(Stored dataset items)

══════════

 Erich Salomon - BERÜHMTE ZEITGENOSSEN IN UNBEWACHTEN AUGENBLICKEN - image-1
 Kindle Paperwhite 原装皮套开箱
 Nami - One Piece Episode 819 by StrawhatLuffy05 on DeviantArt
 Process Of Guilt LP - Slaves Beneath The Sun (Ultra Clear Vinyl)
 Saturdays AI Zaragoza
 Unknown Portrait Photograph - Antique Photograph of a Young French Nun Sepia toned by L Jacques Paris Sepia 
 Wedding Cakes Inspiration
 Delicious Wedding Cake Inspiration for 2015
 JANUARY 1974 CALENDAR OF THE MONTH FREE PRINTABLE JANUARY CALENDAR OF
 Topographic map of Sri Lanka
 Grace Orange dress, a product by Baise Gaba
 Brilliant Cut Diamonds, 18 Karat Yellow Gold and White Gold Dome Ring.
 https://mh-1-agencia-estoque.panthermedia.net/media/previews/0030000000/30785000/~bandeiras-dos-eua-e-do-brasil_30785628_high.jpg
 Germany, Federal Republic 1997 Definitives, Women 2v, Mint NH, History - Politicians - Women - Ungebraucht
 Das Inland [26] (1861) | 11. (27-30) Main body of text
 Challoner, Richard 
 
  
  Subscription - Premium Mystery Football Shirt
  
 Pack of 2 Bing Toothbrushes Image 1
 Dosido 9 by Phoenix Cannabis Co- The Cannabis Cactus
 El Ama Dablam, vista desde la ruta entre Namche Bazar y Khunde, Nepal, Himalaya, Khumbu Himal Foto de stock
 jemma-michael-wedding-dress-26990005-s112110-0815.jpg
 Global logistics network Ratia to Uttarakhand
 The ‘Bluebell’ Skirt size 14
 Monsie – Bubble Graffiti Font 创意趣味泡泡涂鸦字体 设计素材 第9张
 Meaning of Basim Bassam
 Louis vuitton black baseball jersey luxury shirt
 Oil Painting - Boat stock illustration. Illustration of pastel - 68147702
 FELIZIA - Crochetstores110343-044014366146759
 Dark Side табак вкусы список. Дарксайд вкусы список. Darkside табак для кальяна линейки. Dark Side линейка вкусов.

══════════

### Exercise requirements
With nothing added or left out, print the data again.

### Answer box
 Erich Salomon - BERÜHMTE ZEITGENOSSEN IN UNBEWACHTEN AUGENBLICKEN - image-1
 Kindle Paperwhite 原装皮套开箱
 Nami - One Piece Episode 819 by StrawhatLuffy05 on DeviantArt
 Process Of Guilt LP - Slaves Beneath The Sun (Ultra Clear Vinyl)
 Saturdays AI Zaragoza
 Unknown Portrait Photograph - Antique Photograph of a Young French Nun Sepia toned by L Jacques Paris Sepia 
 Wedding Cakes Inspiration
 Delicious Wedding Cake Inspiration for 2015
 JANUARY 1974 CALENDAR OF THE MONTH FREE PRINTABLE JANUARY CALENDAR OF
 Topographic map of Sri Lanka
 Grace Orange dress, a product by Baise Gaba
 Brilliant Cut Diamonds, 18 Karat Yellow Gold and White Gold Dome Ring.
 https://mh-1-agencia-estoque.panthermedia.net/media/previews/0030000000/30785000/~bandeiras-dos-eua-e-do-brasil_30785628_high.jpg
 Germany, Federal Republic 1997 Definitives, Women 2v, Mint NH, History - Politicians - Women - Ungebraucht
 Das Inland [26] (1861) | 11. (27-30) Main body of text
 Challoner, Richard 
 
  
  Subscription - Premium Mystery Football Shirt
  
 Pack of 2 Bing Toothbrushes Image 1
 Dosido 9 by Phoenix Cannabis Co- The Cannabis Cactus
 El Ama Dablam, vista desde la ruta entre Namche Bazar y Khunde, Nepal, Himalaya, Khumbu Himal Foto de stock
 jemma-michael-wedding-dress-26990005-s112110-0815.jpg
 Global logistics network Ratia to Uttarakhand
 The ‘Bluebell’ Skirt size 14
 Monsie – Bubble Graffiti Font 创意趣味泡泡涂鸦字体 设计素材 第9张
 Meaning of Basim Bassam
 Louis vuitton black baseball jersey luxury shirt
 Oil Painting - Boat stock illustration. Illustration of pastel - 68147702
 FELIZIA - Crochetstores110343-044014366146759
 Dark Side табак вкусы список. Дарксайд вкусы список. Darkside табак для кальяна линейки. Dark Side линейка вкусов.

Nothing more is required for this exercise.